[Required work]:
Please copy out every line in the records below that includes the word "sunset".

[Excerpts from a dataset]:

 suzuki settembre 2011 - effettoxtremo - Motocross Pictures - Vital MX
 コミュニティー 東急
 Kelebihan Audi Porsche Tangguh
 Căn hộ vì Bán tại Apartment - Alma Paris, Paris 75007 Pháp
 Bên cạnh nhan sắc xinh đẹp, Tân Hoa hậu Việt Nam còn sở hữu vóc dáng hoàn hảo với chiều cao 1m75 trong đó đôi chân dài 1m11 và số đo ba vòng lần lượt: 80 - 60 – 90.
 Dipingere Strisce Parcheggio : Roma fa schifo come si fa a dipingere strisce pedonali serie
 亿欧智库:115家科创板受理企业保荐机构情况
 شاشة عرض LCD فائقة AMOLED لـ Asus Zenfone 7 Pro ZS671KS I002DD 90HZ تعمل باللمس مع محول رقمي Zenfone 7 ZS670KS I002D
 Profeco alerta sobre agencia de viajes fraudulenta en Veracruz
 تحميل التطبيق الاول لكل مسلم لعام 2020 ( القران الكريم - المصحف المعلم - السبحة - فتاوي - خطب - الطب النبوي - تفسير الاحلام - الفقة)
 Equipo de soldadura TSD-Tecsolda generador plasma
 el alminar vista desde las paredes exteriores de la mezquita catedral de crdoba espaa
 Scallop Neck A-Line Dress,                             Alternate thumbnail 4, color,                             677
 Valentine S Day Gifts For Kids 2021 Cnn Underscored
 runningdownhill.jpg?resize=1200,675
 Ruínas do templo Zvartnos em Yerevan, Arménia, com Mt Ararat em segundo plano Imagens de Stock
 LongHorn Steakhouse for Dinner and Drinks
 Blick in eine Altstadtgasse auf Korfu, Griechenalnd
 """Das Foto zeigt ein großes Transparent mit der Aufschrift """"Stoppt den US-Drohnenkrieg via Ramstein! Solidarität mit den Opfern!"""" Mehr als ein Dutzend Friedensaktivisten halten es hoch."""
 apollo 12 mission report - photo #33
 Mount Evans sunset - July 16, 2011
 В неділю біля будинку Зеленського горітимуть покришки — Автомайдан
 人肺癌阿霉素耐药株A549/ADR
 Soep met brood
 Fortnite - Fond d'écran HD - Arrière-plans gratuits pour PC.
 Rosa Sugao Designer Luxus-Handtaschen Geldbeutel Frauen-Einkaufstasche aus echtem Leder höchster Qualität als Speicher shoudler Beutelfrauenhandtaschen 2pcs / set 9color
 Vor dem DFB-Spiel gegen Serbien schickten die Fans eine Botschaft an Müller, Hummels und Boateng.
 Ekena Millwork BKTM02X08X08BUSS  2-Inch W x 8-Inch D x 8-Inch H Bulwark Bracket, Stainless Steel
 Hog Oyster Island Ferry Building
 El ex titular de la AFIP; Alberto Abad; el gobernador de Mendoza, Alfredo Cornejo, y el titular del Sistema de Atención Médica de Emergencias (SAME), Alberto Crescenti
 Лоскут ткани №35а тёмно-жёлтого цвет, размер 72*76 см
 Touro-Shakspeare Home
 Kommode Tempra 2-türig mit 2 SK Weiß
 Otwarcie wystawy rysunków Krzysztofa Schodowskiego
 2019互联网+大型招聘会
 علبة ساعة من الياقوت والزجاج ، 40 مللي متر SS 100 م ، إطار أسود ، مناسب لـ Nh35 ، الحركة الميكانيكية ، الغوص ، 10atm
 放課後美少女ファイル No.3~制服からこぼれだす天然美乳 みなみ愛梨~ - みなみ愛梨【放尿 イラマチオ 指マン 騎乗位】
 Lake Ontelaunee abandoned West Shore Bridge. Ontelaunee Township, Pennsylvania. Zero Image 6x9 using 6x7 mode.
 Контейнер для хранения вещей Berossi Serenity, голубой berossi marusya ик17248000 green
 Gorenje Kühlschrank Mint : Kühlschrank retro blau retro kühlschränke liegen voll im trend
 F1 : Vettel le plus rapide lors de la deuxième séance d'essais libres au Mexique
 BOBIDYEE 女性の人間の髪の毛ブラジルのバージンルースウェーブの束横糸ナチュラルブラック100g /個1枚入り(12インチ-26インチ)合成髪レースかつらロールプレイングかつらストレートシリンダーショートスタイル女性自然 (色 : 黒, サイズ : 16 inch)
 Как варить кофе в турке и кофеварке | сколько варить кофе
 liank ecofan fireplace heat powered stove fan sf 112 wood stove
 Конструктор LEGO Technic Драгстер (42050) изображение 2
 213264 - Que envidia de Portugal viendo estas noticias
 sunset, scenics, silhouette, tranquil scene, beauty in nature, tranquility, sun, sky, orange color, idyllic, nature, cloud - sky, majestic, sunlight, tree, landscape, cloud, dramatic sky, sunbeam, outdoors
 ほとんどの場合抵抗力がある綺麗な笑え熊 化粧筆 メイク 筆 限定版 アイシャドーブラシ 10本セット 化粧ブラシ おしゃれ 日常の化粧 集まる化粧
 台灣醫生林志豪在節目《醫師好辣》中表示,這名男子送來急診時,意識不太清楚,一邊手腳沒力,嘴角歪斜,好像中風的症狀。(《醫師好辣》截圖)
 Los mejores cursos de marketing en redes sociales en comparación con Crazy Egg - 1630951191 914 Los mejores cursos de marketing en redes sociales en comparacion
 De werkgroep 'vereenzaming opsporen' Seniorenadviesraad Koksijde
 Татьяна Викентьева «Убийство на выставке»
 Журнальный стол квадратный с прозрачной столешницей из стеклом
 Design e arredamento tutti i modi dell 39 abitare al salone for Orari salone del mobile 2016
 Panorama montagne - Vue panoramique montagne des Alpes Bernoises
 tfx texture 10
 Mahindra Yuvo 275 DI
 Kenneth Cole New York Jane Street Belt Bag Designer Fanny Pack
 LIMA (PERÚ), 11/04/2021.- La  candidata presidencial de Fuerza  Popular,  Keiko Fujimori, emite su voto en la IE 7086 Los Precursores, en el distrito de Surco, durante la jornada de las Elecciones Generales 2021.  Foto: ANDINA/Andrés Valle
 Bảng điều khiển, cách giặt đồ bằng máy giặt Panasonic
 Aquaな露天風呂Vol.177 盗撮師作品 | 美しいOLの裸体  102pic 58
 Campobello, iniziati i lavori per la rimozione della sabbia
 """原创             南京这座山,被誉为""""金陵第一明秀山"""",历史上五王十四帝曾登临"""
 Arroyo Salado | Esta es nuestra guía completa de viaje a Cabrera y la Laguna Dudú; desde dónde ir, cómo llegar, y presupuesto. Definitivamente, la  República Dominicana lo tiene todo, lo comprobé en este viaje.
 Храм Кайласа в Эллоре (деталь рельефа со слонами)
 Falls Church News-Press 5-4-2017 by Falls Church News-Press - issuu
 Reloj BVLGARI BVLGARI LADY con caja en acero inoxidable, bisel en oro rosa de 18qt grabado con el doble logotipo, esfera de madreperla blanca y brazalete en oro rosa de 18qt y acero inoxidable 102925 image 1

[Response area]:
 Mount Evans sunset - July 16, 2011
 sunset, scenics, silhouette, tranquil scene, beauty in nature, tranquility, sun, sky, orange color, idyllic, nature, cloud - sky, majestic, sunlight, tree, landscape, cloud, dramatic sky, sunbeam, outdoors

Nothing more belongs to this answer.